1 Mile is 1.6km so 20,000km is 12,500 miles
Offically Fiat in the UK operate a 12,000 Mile or 12 month Service Schedule
with a low usage/mileage option.
If you have an overhead cam belt driven engine then the chances are your
manual will suggest a 72,000 mile (115/120K km) belt replacement interval.
I strongly suggest you adhere to 50,000 miles/80,000km OR 5 years (which
ever comes first) replacement schedule. And when you have the belt replaced
have the tensioner and static belt stretchers replaced as well. From what I
can gather it is the tensioner and static belt stretchers that fail before
the actual belt. The old 'pulleys' used to be made of steel and solid
bearings. The modern ones are maily plastic!!!!!
Nick, you are right about the cambelt change every 120000 km (75000 mls).
The manual says so, but it also says: 120000 km OR 36 months. I think 120000
km is far too long and i don't risk it. I had mine changed about 75000 km
( 46875 mls; car has done 85000 [53125 mls]now with no problems whatsoever),
and had the tensioner changed as well. Better safe than sorry!

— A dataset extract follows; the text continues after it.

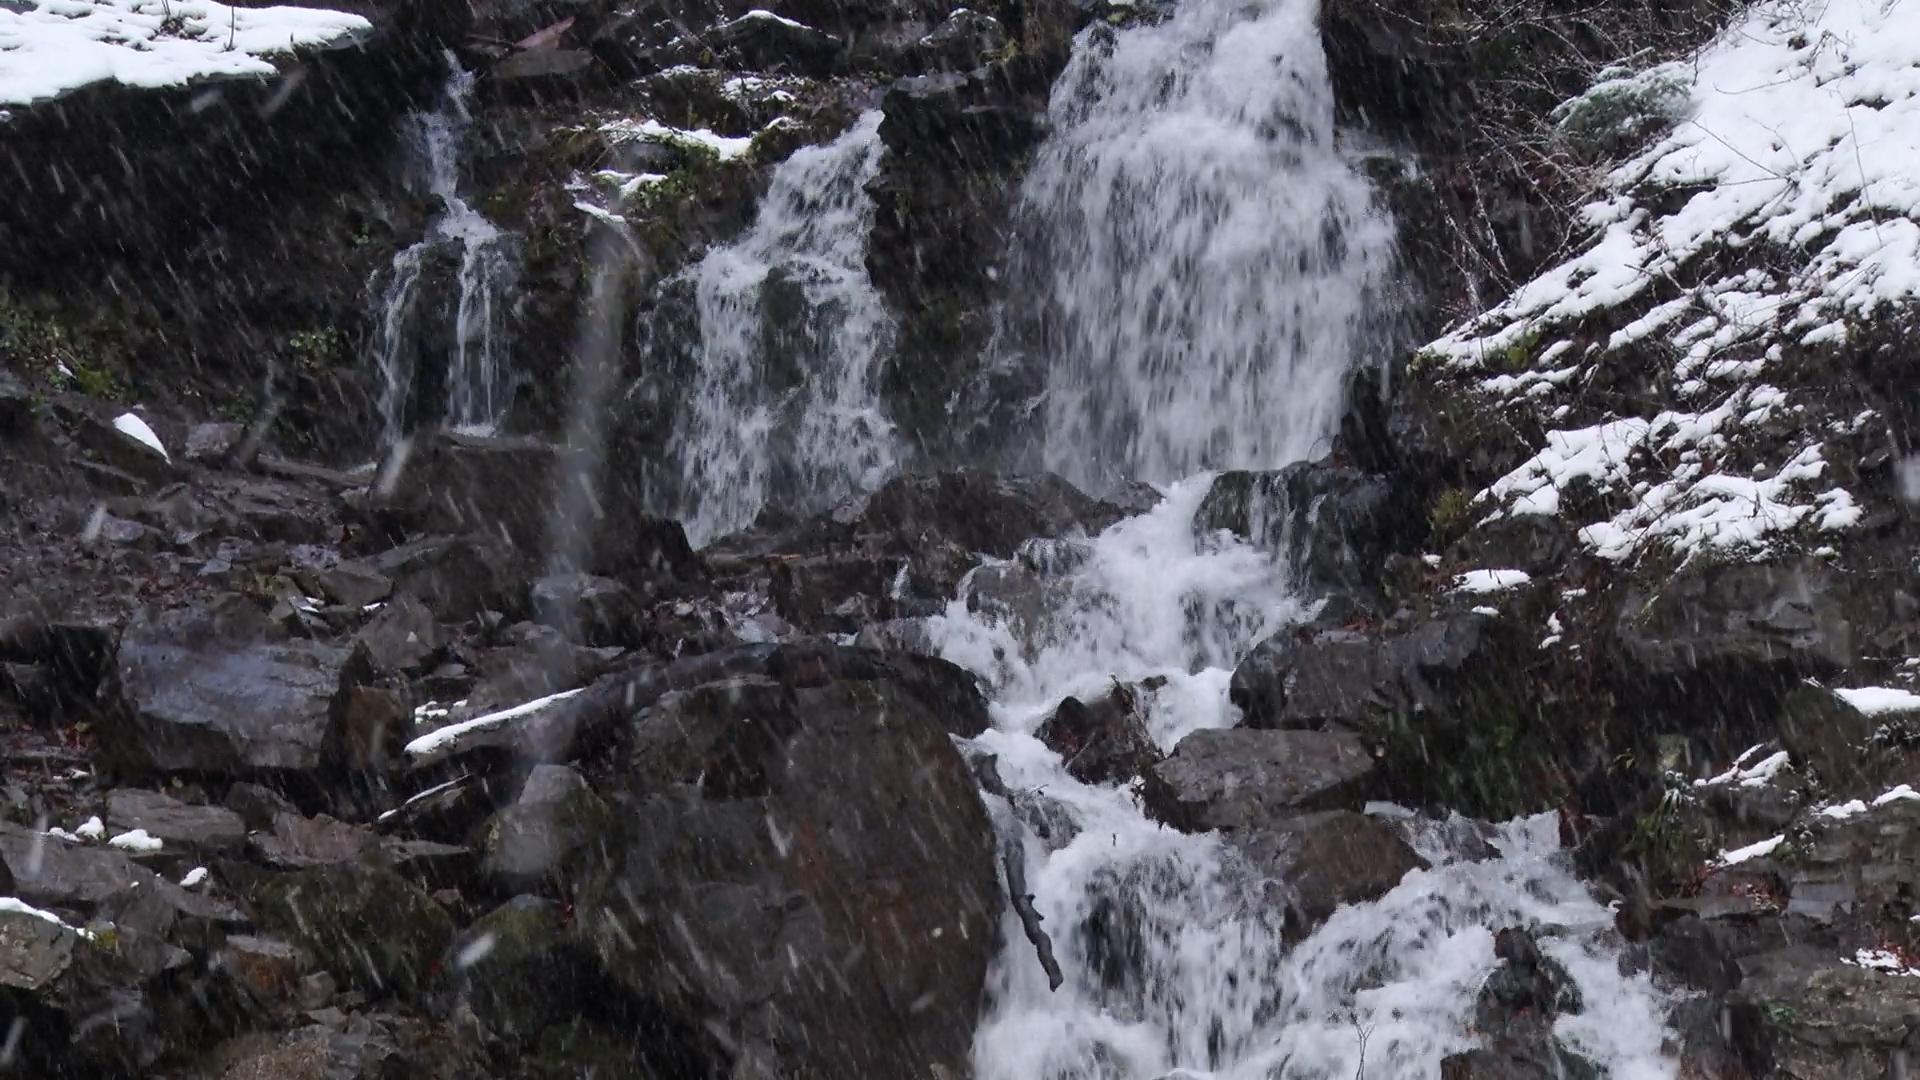 Найвищий водоспад Закарпаття облаштують новою оглядовою альтанкою (ВІДЕО)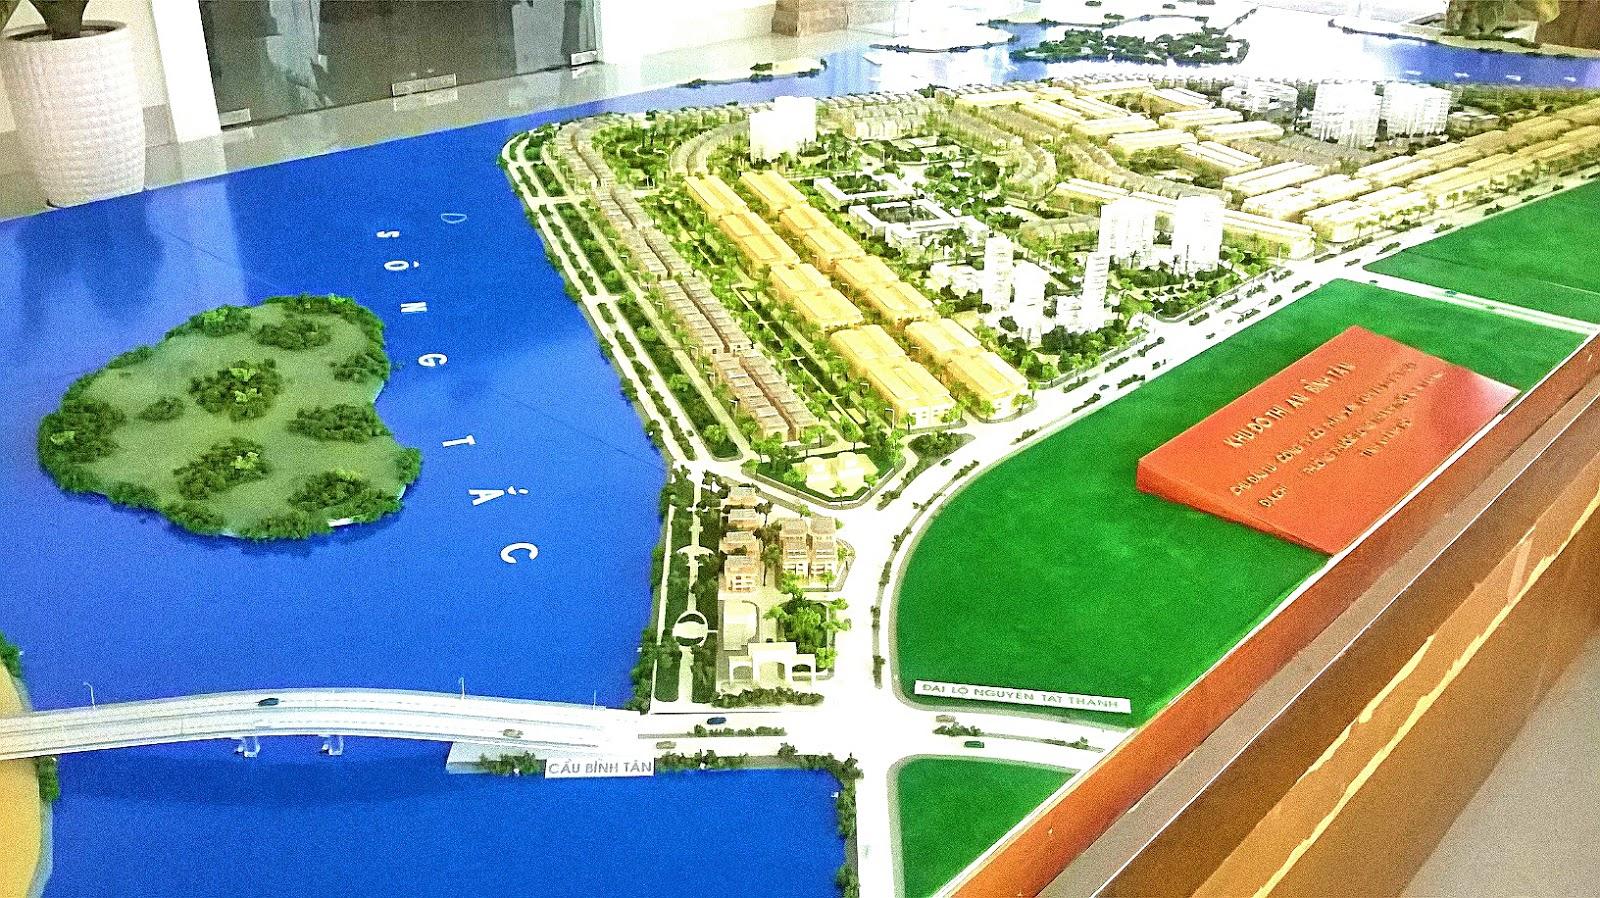 HOT - 8.8 triệu/m2 đất nền An Bình Tân cách biển 1,5 km - hỗ trợ vay vốn ngân hàng 70%.

I feel very sorry for you! ;-) You should drive a Punto instead; very cheap
car to run. :-)) Though, i must admit, a Coupe Fiat is a gorgeous
car...expensive, but gorgeous! By the way, you wrote Fiats....?
I do drive a Punto!!!!!
Meet the Fleet
Strada Abarth 130TC
Fiat Coupe 20V
Punto HGT (1.8 twin cam petrol!)
Please don't ask me to say which is my favourite. They ALL are. Horses for
Courses as they say. None of these babys are slouches!
And if you ask me nicely I'll tell you what an UNO SX with 46BHP at the
wheels can really do! Yes my modest Uno SX, lowered, stiffened, suitably
shod holds a few recods to herself................sadly Mistii gave way to
Martini the 20V Coupe but the skills of performance, sprint and race circuit
driving learned live on.
When was the last time heard a number of experienced drivers of 200+ bhp
cars say they could not believe how my Uno went through the bends and that
they could not toucher her in the bends!. Mind you I really had to peddle
on the straights :-)
Great! Right choice. Have you seen Top Gear's best 100 sporty cars? There
was a Strada 130 TC Abarth (Ritmo over here) in it. Clarckson chose the Golf
GTI :-( because he thought the Strada wouldn't start anyway...How rude! As
C-3PO would have said. How is yours keeping up?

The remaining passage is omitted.